Маргрете Ирене отворачивается от меня и смотрит теперь на Сигрюн.
— Я видела вашу сестру в Вене, когда они с Акселем поженились. Вы с нею очень похожи. Она была такая красивая.
Сигрюн краснеет.
— Мы с нею были очень разными, — коротко бросает она.
И мы расходимся, уверив друг друга, что вскоре встретимся снова. Может быть, я приеду в Вену. Или она — в Осло, когда я буду играть концерт Рахманинова с Филармоническим оркестром. Хайно Бубах прерывает наш разговор и обнимает жену за плечи.

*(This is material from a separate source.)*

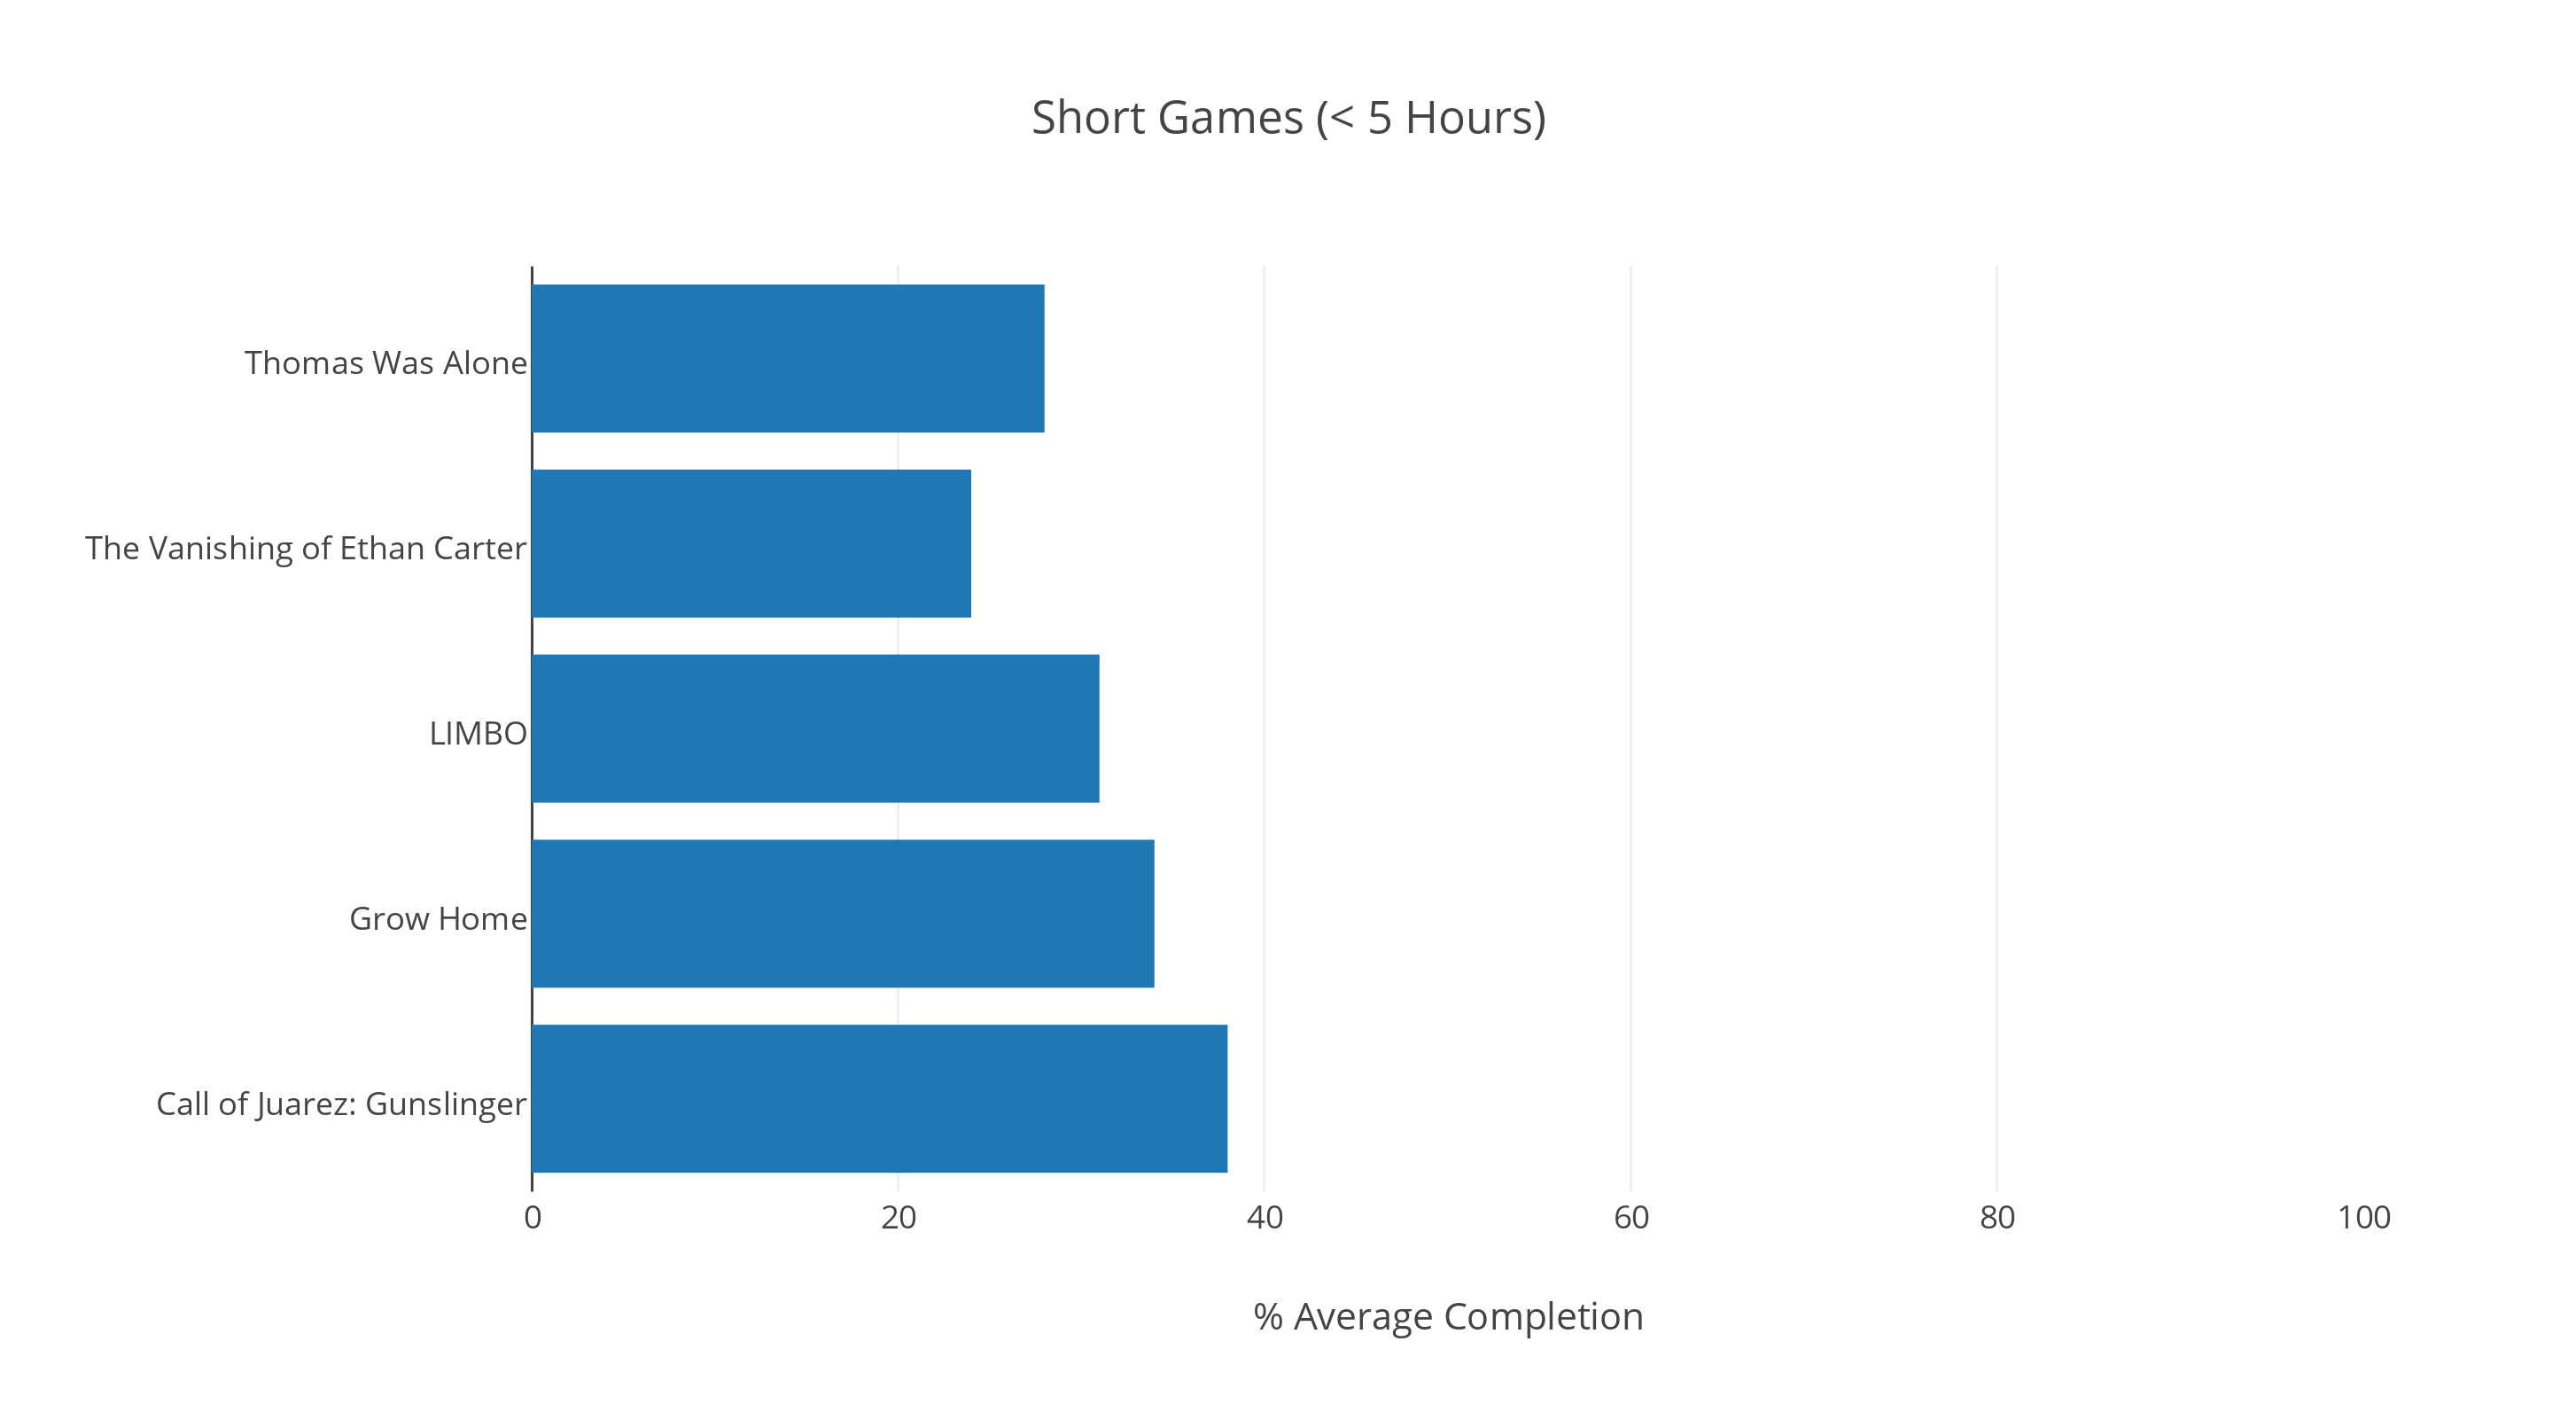 Short Games (- 5 Hours)

Мы снова остаемся втроем — Сигрюн, Гуннар и я.
При ярком, льющемся с потолка свете я вижу, что Гуннар болен серьезнее, чем я думал. Сигрюн что-то шепчет ему на ухо и заботливо, почти любовно обнимает его.
Он обнимает и меня. Точнее, кладет руки мне на плечи. Словно благословляет.
У меня возникает чувство, что я вижу его в последний раз.
По дороге в Скугфосс Сигрюн плачет.
Она рассказывает мне, что болезнь Гуннара дала рецидив. Это ужасно. Он — близкий друг и ее, и Эйрика.
А друзья важны, когда люди живут в таком захолустье.
К тому же они с Эйриком оба в долгу перед ним.
Лыжня
Проходит неделя. Все эти дни я много занимаюсь и вдруг понимаю, что мне необходимо глотнуть свежего воздуха.
Меня мучает то, что мы с Сигрюн не сказали друг другу.
Я был о себе слишком высокого мнения, решил, что могу направлять события, что наши отношения с Сигрюн будут развиваться так, что уже ни у кого из нас не будет возможности повернуть вспять. Но они затормозились. И я ничего не могу с этим поделать. Рука, которой я надеялся открыть дверь в мир Сигрюн, превратилась в символ расстояния между нами: до этой точки и ни шагу дальше. И мы уже давно не играли вместе. Она все валит на зиму. Зима холодна и сурова.
— В такую пору случается много инфарктов, — говорит она.
Люди больше болеют. И у районного врача бывает больше работы.
Я встречаю Эйрика во дворе перед зданием интерната, где я стою, щурясь на неожиданный свет, который предупреждает, что весна уже не за горами. На Эйрике красно-сине-белый лыжный костюм, под мышкой лыжи и палки.
— Ты бледный и какой-то измученный, — говорит он мне. — Что-нибудь случилось?
— Моя болезнь называется «Рахманинов». Наверное, я в последнее время переусердствовал с занятиями. И дело не только в предстоящем концерте. Я репетирую одновременно еще один репертуар.
— Словом, тебе необходима прогулка на лыжах. Пойдешь со мной?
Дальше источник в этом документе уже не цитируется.